»»

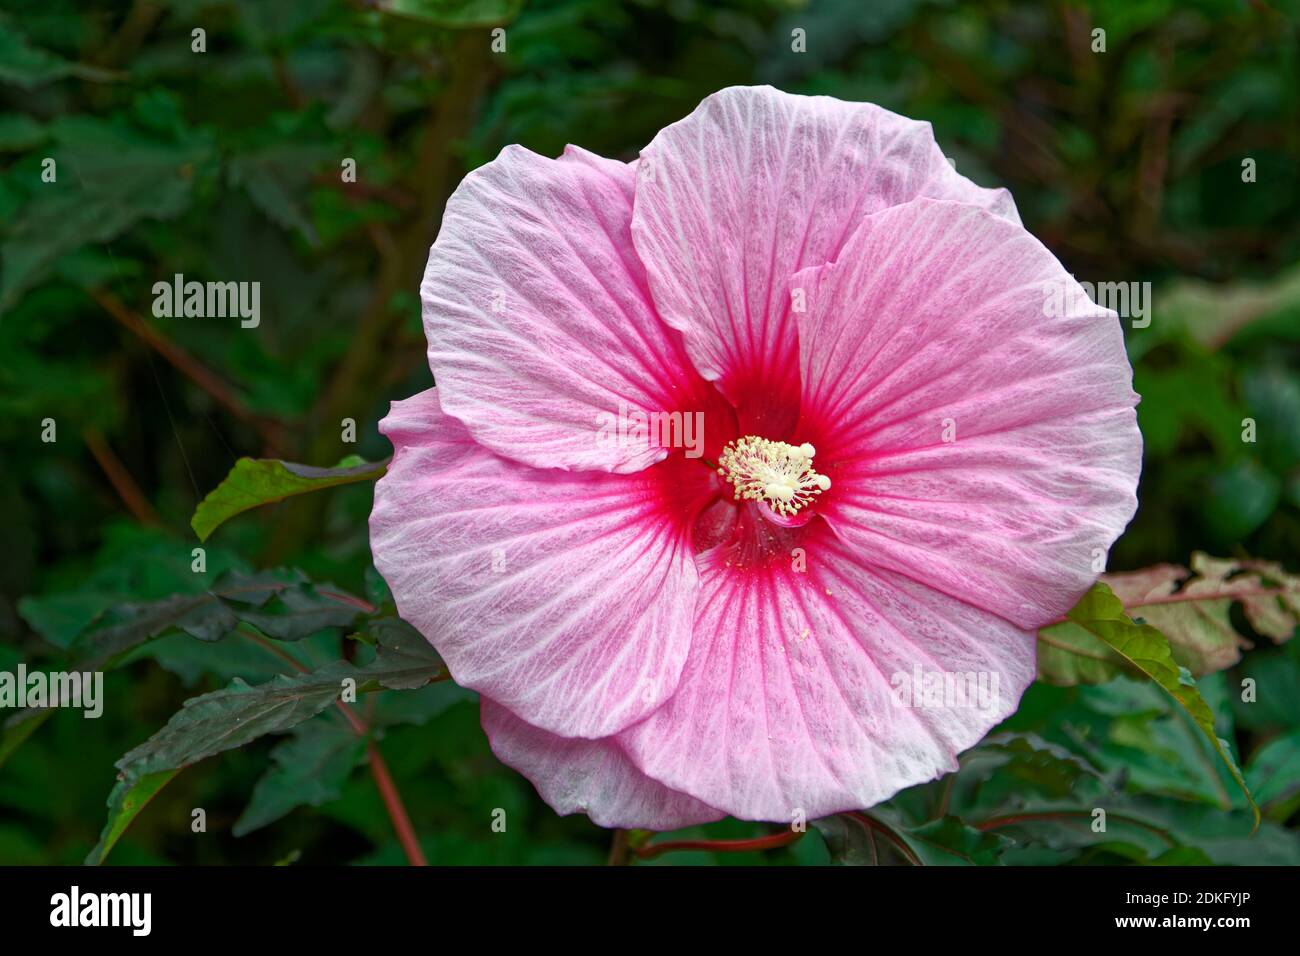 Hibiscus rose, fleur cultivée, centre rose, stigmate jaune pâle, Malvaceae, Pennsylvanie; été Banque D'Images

««
»»

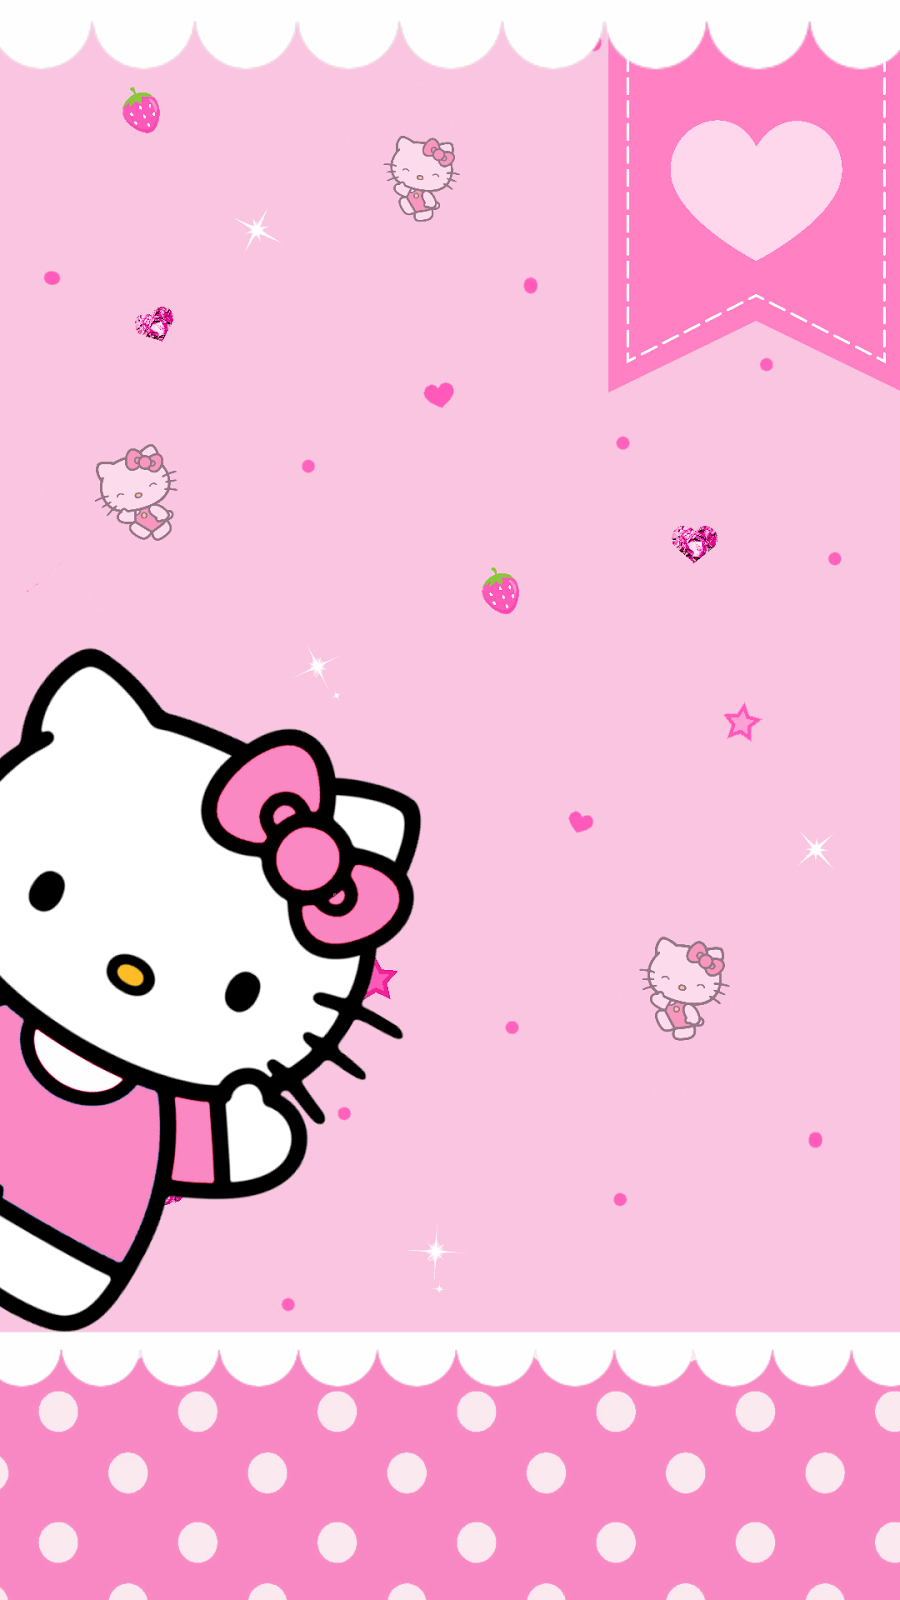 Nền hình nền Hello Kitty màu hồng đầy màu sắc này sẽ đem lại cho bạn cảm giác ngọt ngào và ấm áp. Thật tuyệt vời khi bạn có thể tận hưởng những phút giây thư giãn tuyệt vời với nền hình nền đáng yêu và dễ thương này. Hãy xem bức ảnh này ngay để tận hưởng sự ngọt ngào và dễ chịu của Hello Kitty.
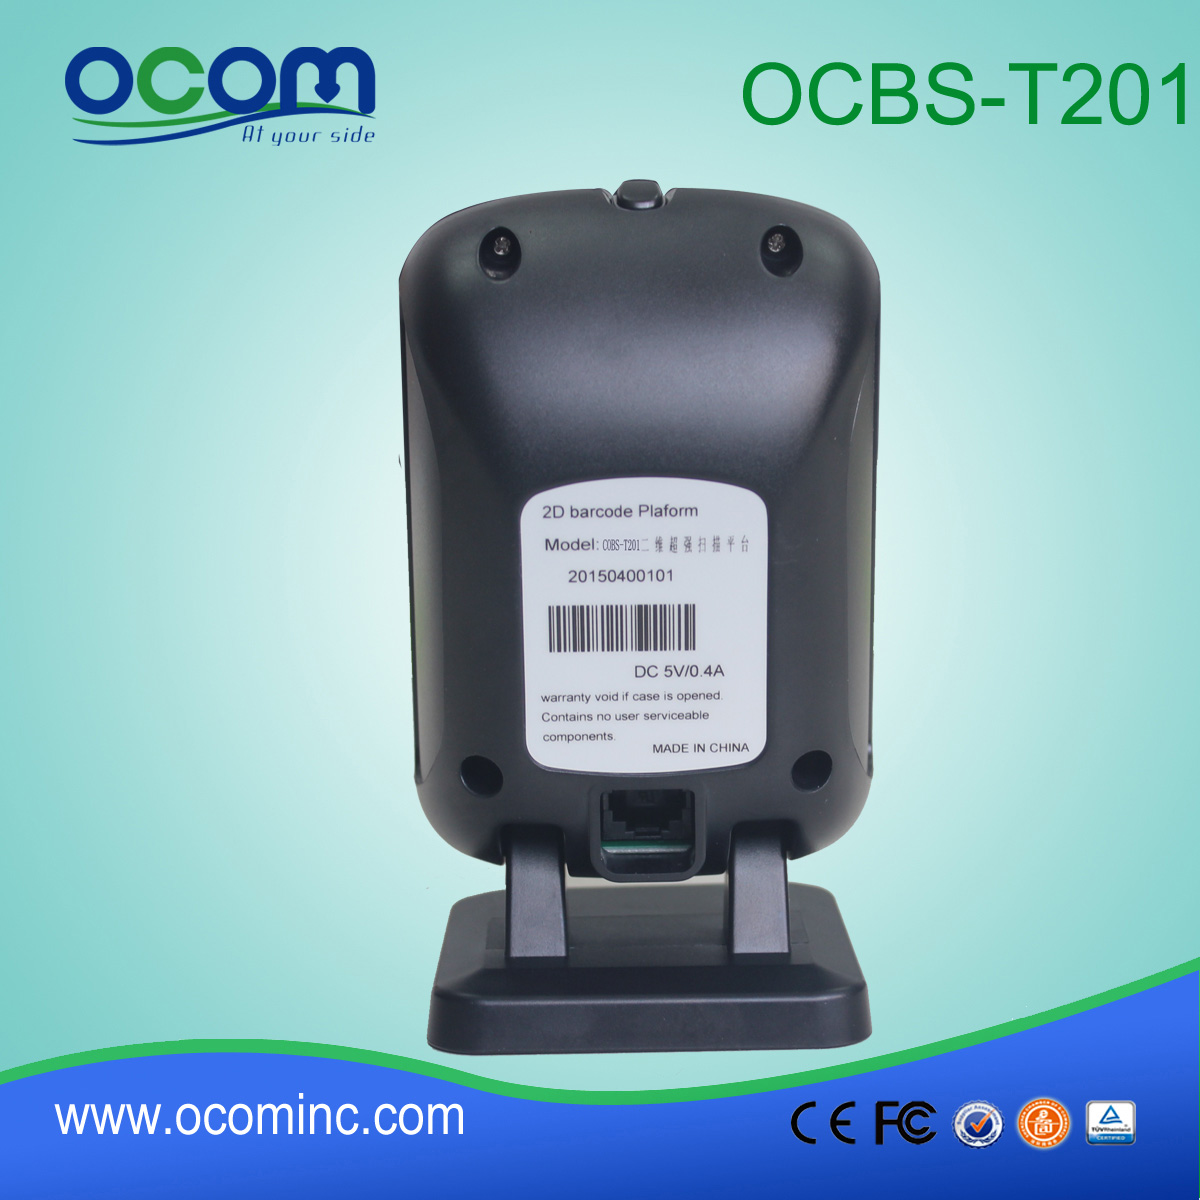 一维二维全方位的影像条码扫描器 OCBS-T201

««
»»

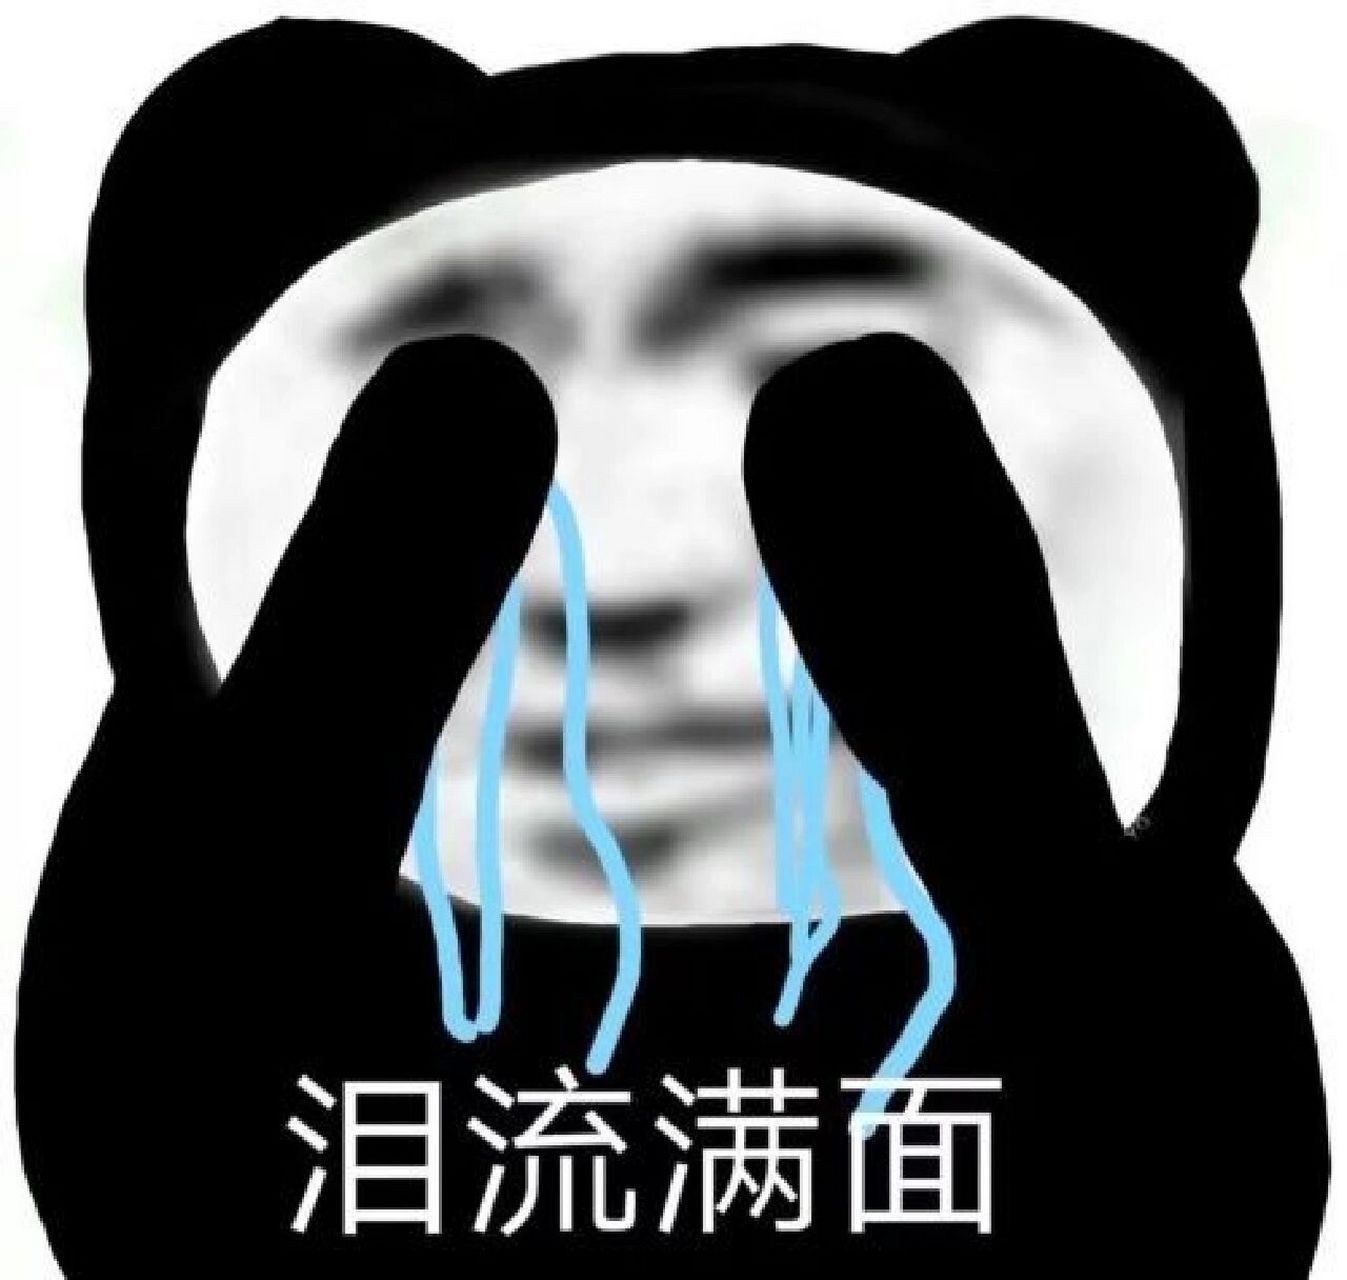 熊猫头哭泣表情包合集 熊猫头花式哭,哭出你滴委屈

««

## Required action
Print the line above containing "Nền hình nền Hello", the line containing "一维二维全方位的影像条码扫描器 OCBS-T201", and everything between them, exactly as written. Pictures stay out.

## Exercise answer
 Nền hình nền Hello Kitty màu hồng đầy màu sắc này sẽ đem lại cho bạn cảm giác ngọt ngào và ấm áp. Thật tuyệt vời khi bạn có thể tận hưởng những phút giây thư giãn tuyệt vời với nền hình nền đáng yêu và dễ thương này. Hãy xem bức ảnh này ngay để tận hưởng sự ngọt ngào và dễ chịu của Hello Kitty.
 一维二维全方位的影像条码扫描器 OCBS-T201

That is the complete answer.